#### YOUR TASK:
For this task, output exactly the lines of the material below starting at the line with "Shanghai Cooperation Organization" and ending at the line with "photographer shields himself"; pictures are to be excluded.

#### DATASET EXCERPTS:
####################
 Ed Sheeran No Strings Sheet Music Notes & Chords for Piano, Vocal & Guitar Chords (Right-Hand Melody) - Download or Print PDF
####################
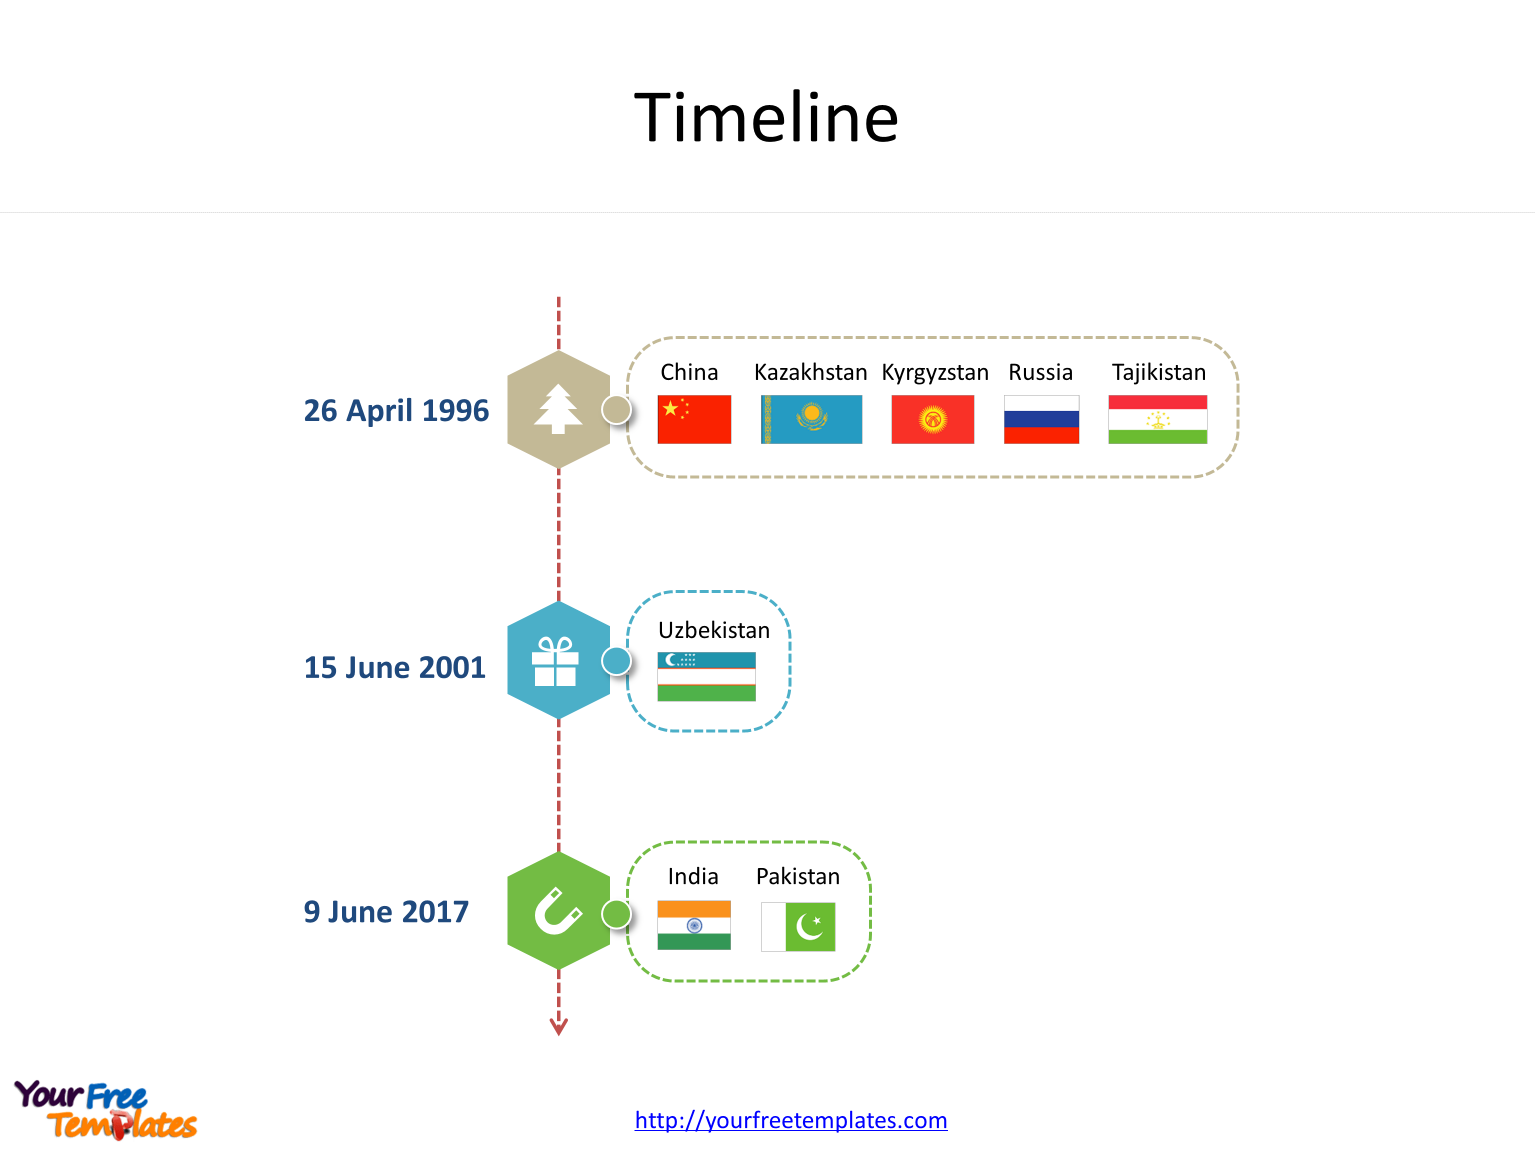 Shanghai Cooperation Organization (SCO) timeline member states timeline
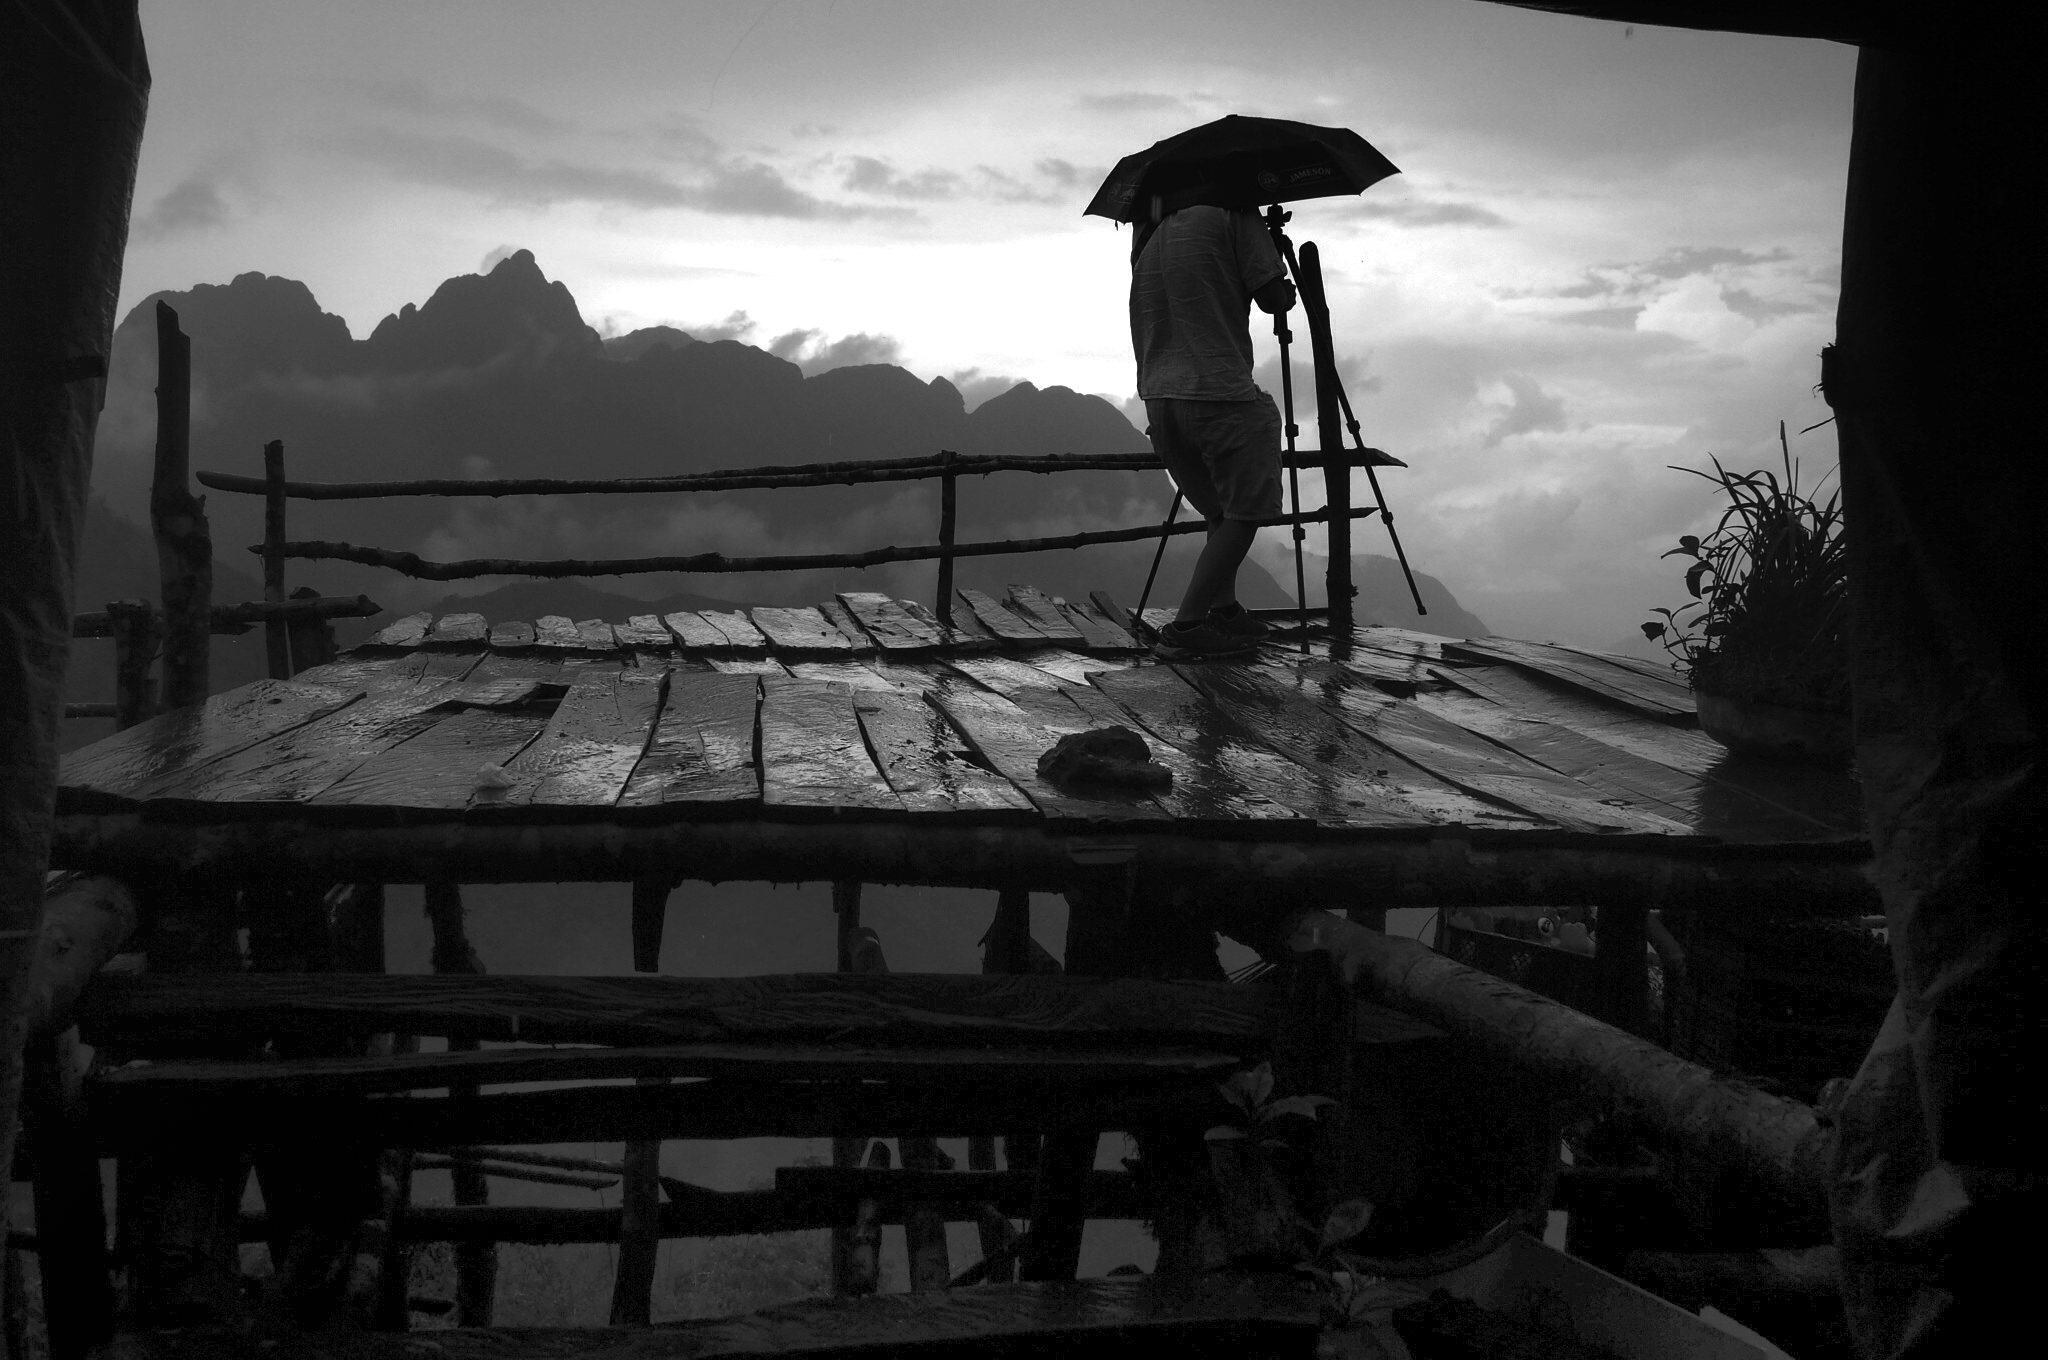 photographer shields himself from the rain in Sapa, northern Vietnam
####################
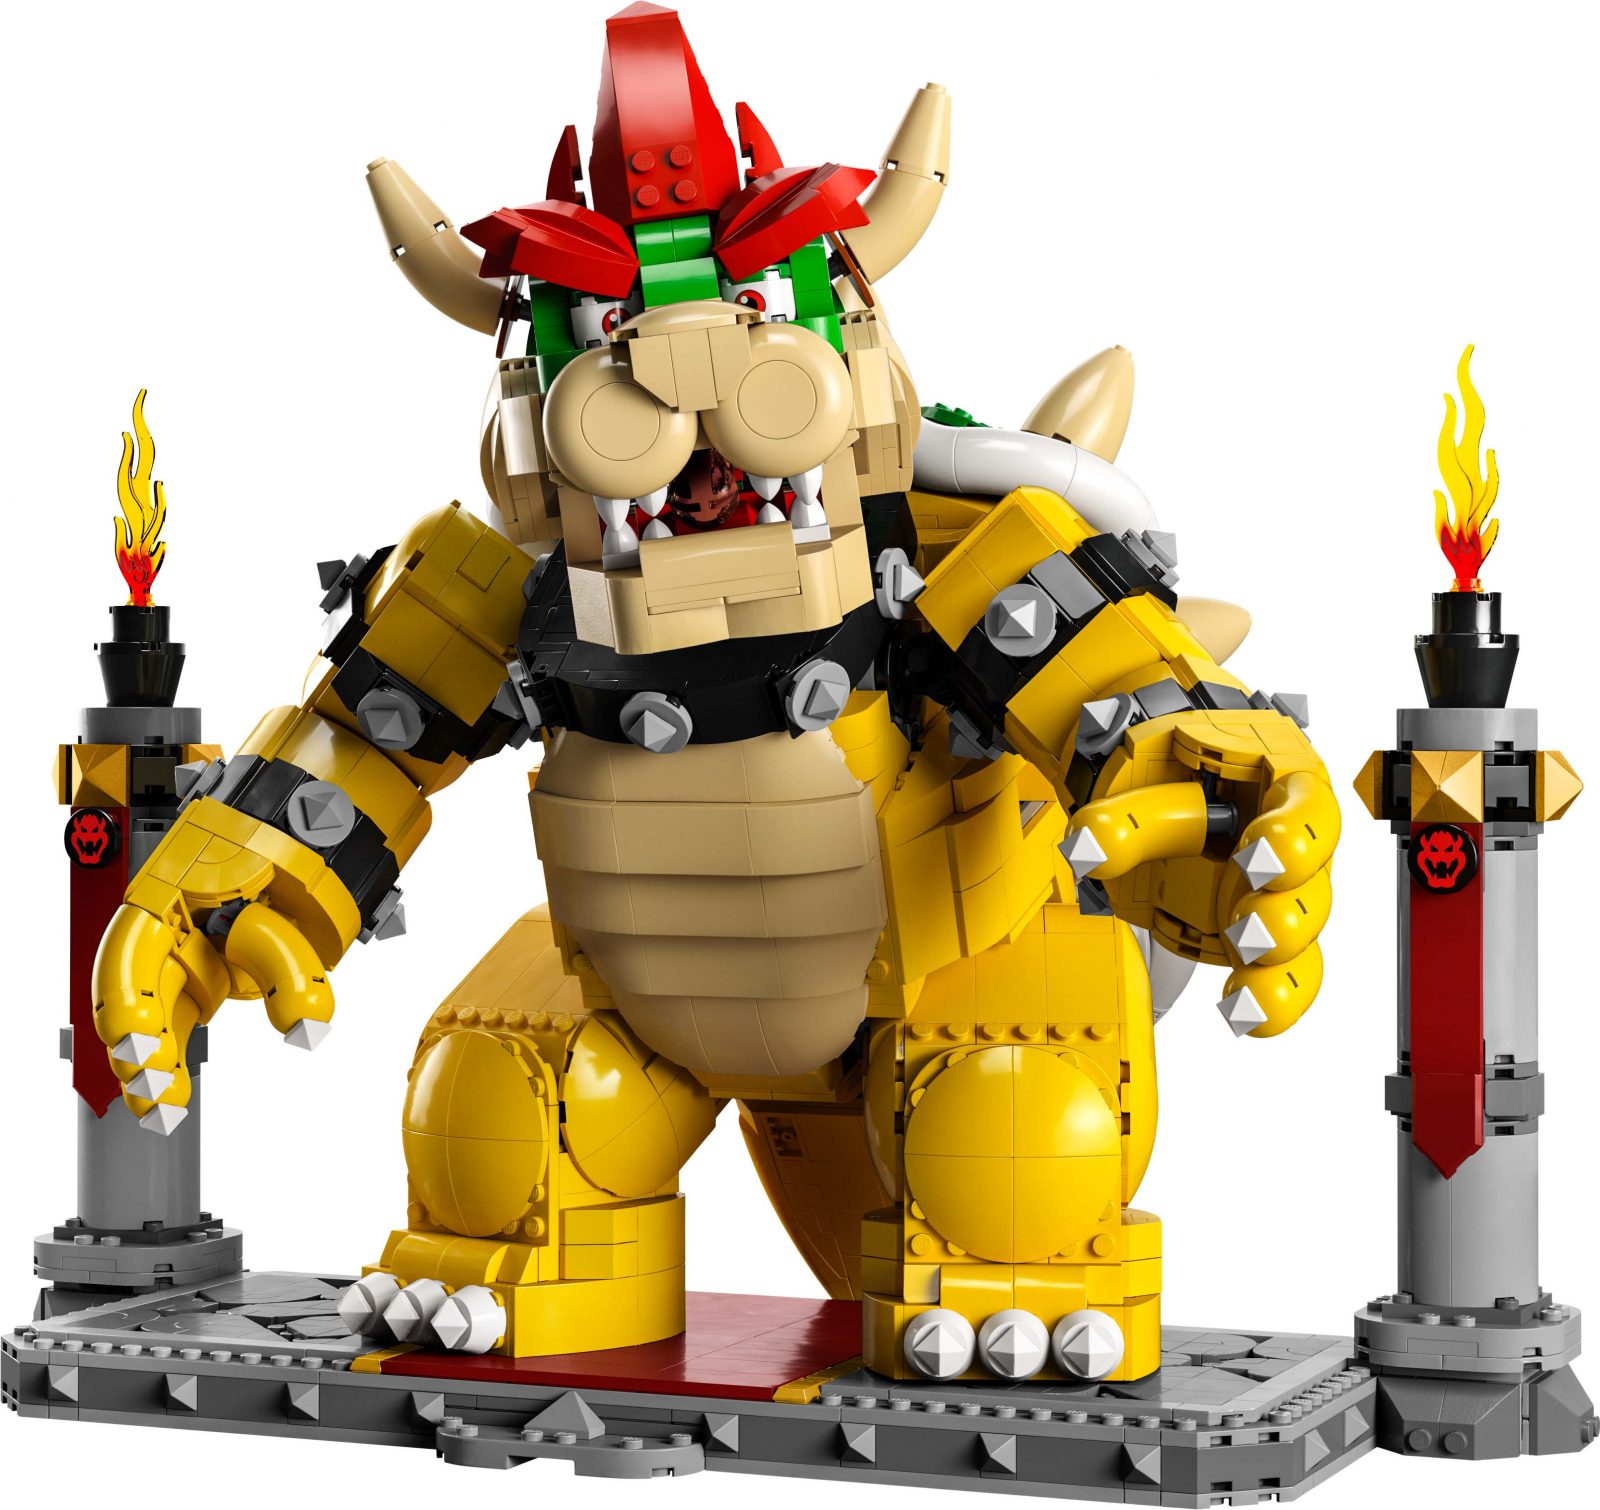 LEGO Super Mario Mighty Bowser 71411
####################
#### WRITTEN ANSWER:
 Shanghai Cooperation Organization (SCO) timeline member states timeline
 photographer shields himself from the rain in Sapa, northern Vietnam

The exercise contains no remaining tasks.